START SUPPLIED INFORMATION
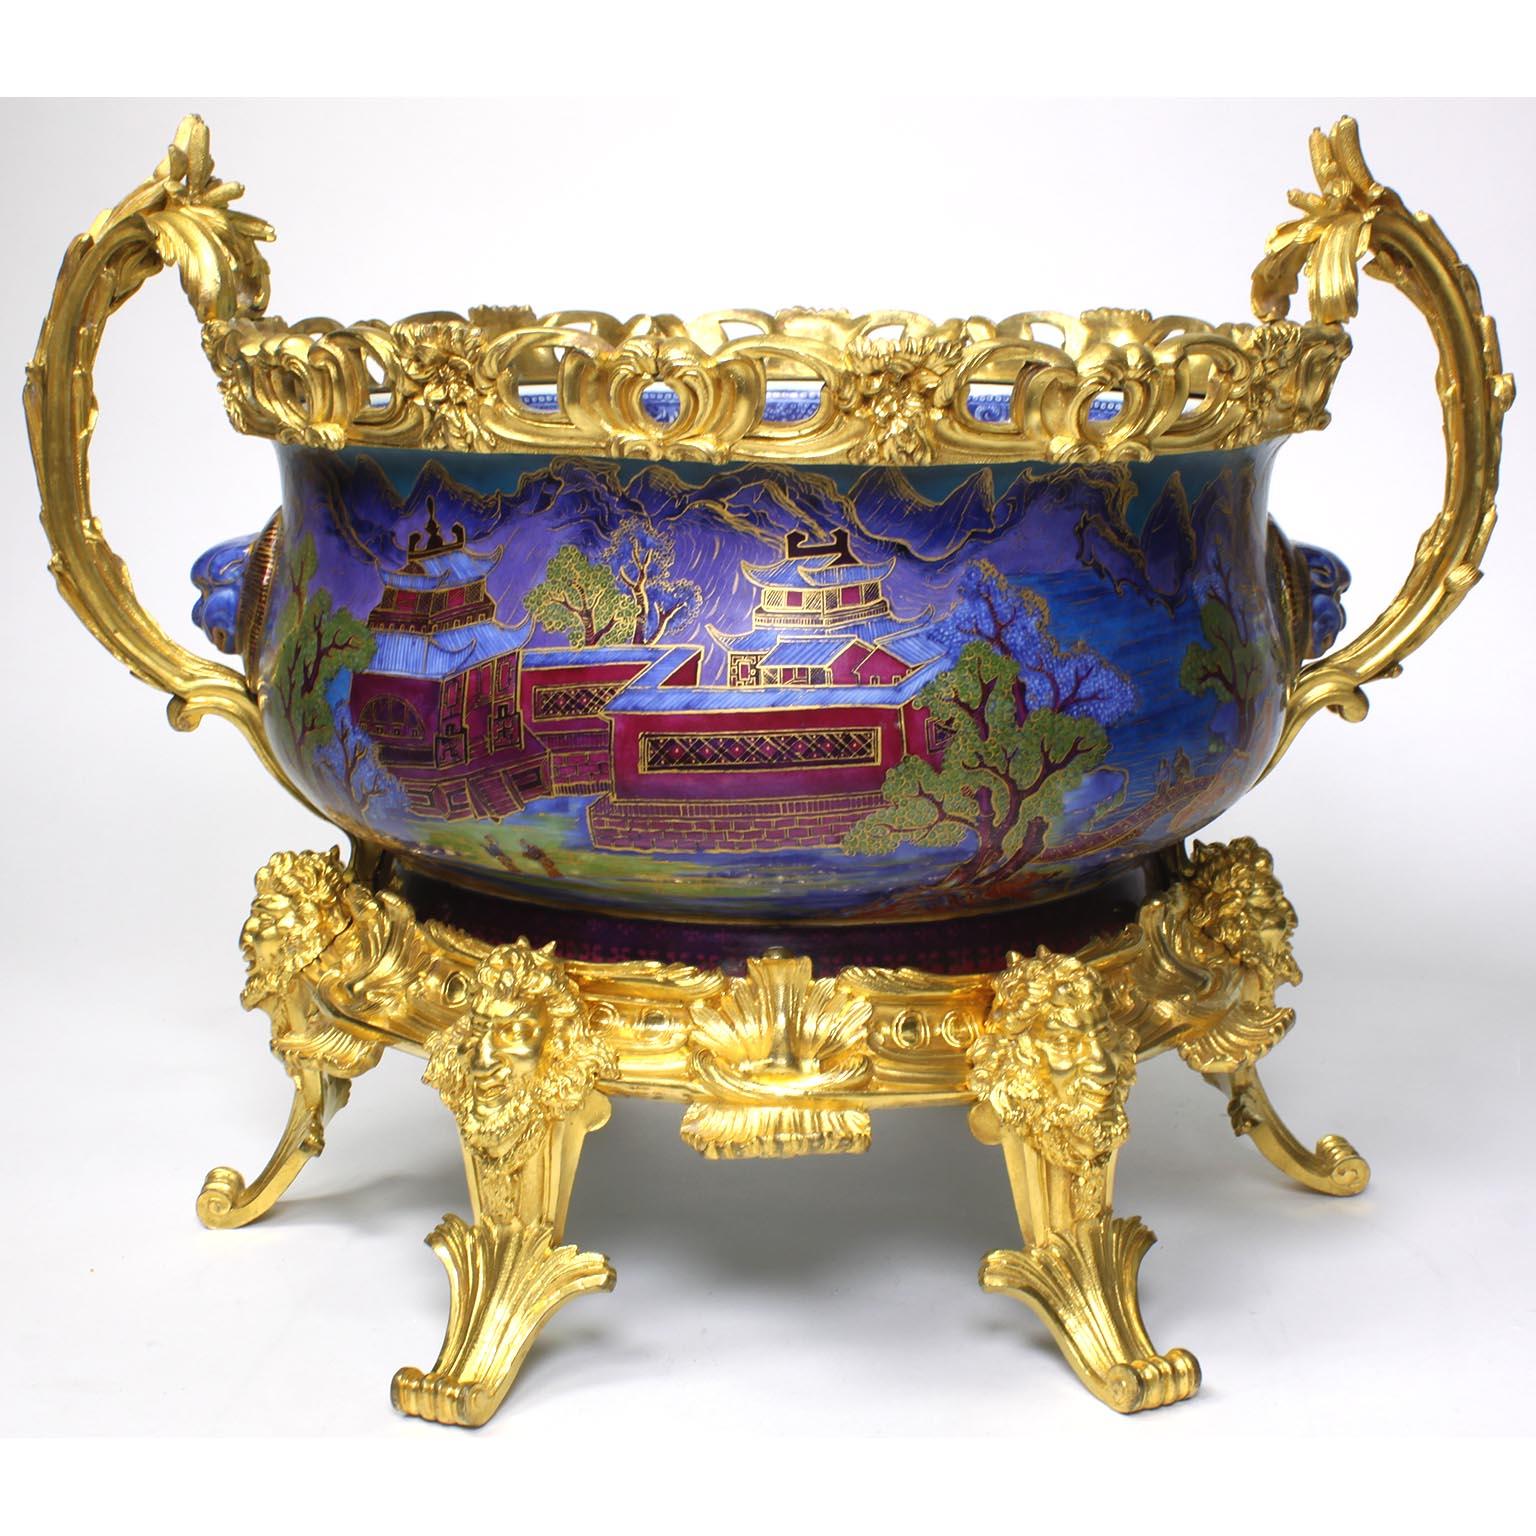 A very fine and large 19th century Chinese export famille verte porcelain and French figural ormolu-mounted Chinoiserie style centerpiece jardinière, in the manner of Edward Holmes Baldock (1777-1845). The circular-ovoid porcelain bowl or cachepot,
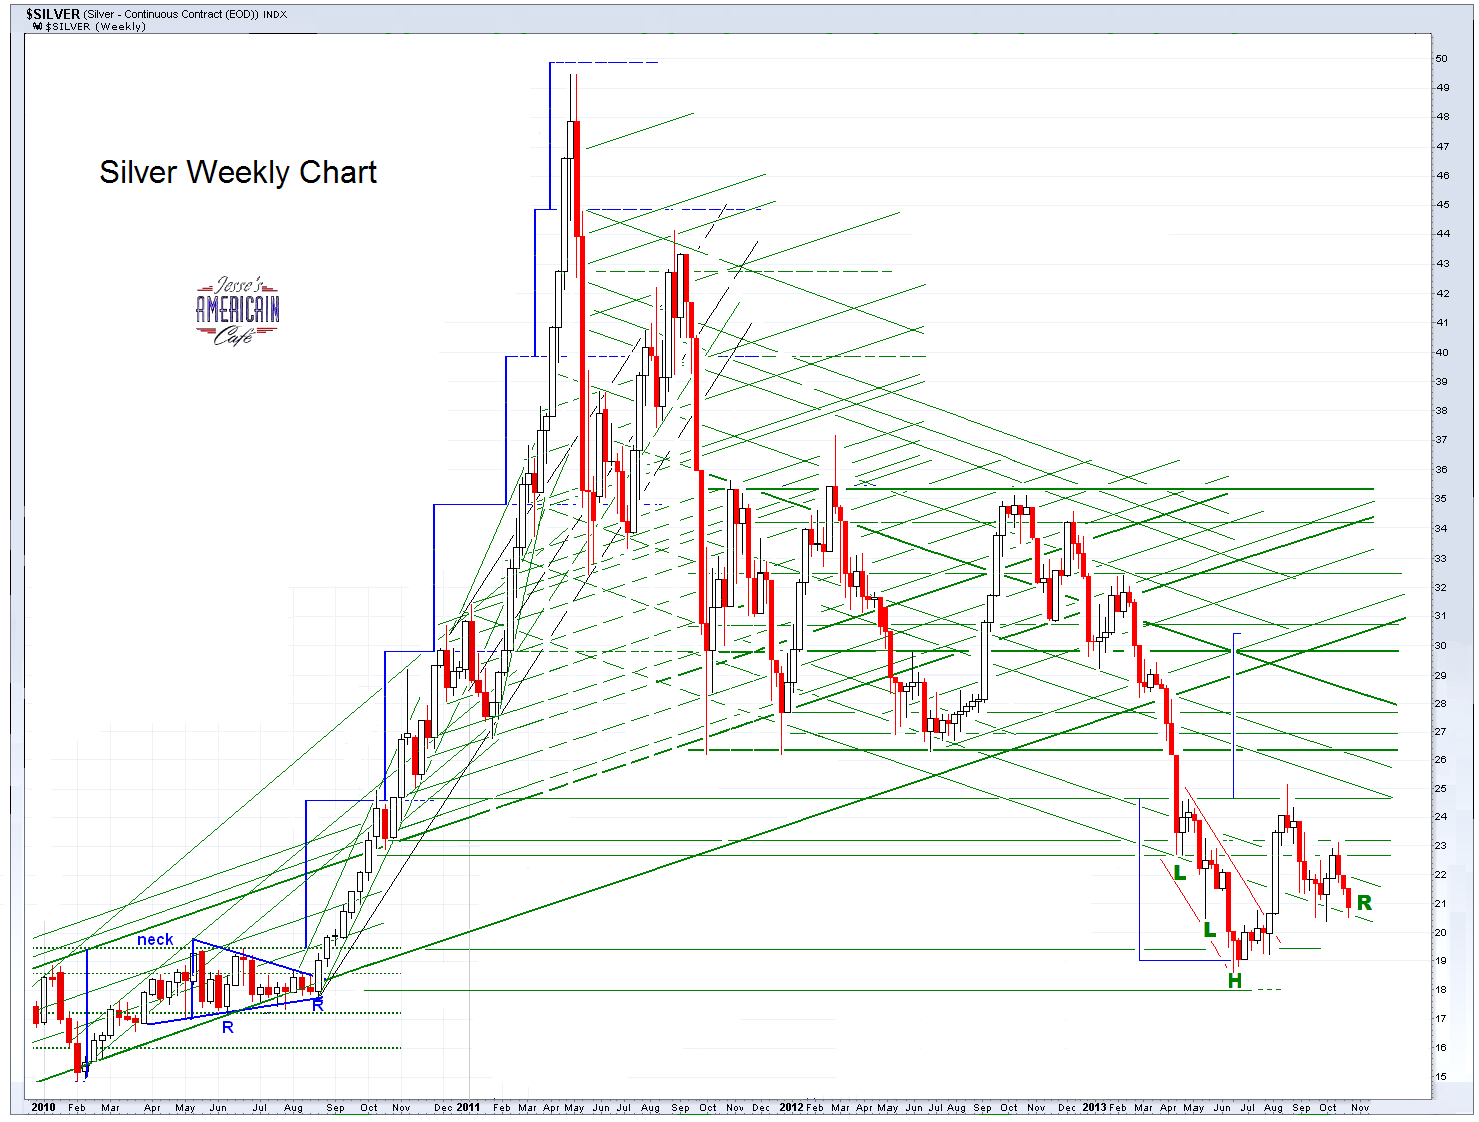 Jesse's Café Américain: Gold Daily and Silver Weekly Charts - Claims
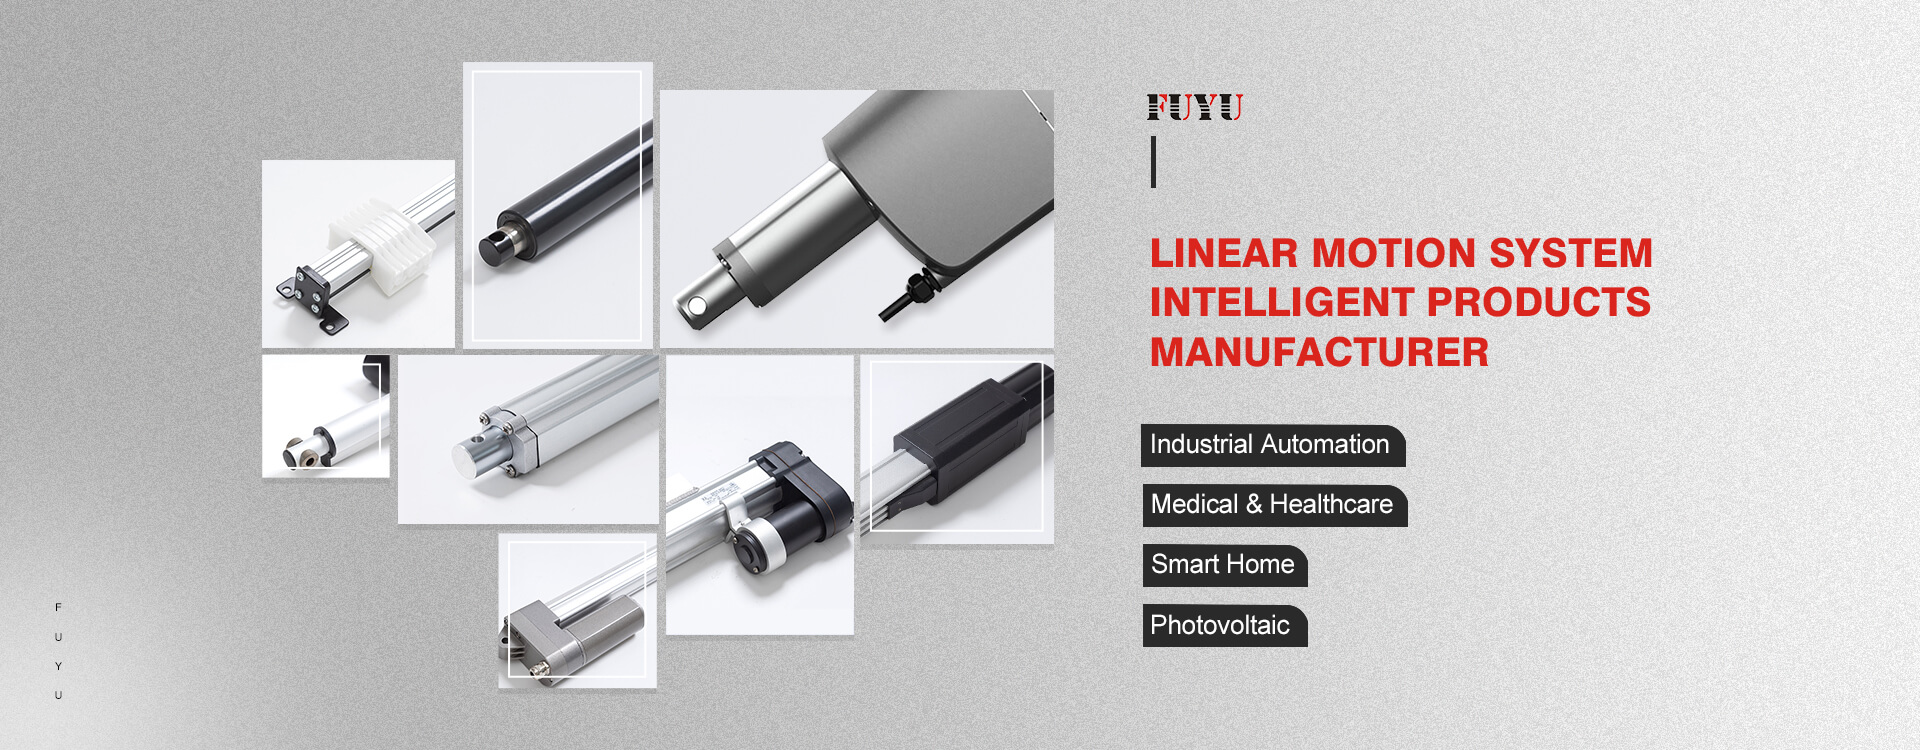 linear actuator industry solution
END SUPPLIED INFORMATION
WHAT THE TASK REQUIRES → Retype the entire listing exactly as it appears, dropping only the pictures.

WRITTEN SOLUTION →
 A very fine and large 19th century Chinese export famille verte porcelain and French figural ormolu-mounted Chinoiserie style centerpiece jardinière, in the manner of Edward Holmes Baldock (1777-1845). The circular-ovoid porcelain bowl or cachepot,
 Jesse's Café Américain: Gold Daily and Silver Weekly Charts - Claims
 linear actuator industry solution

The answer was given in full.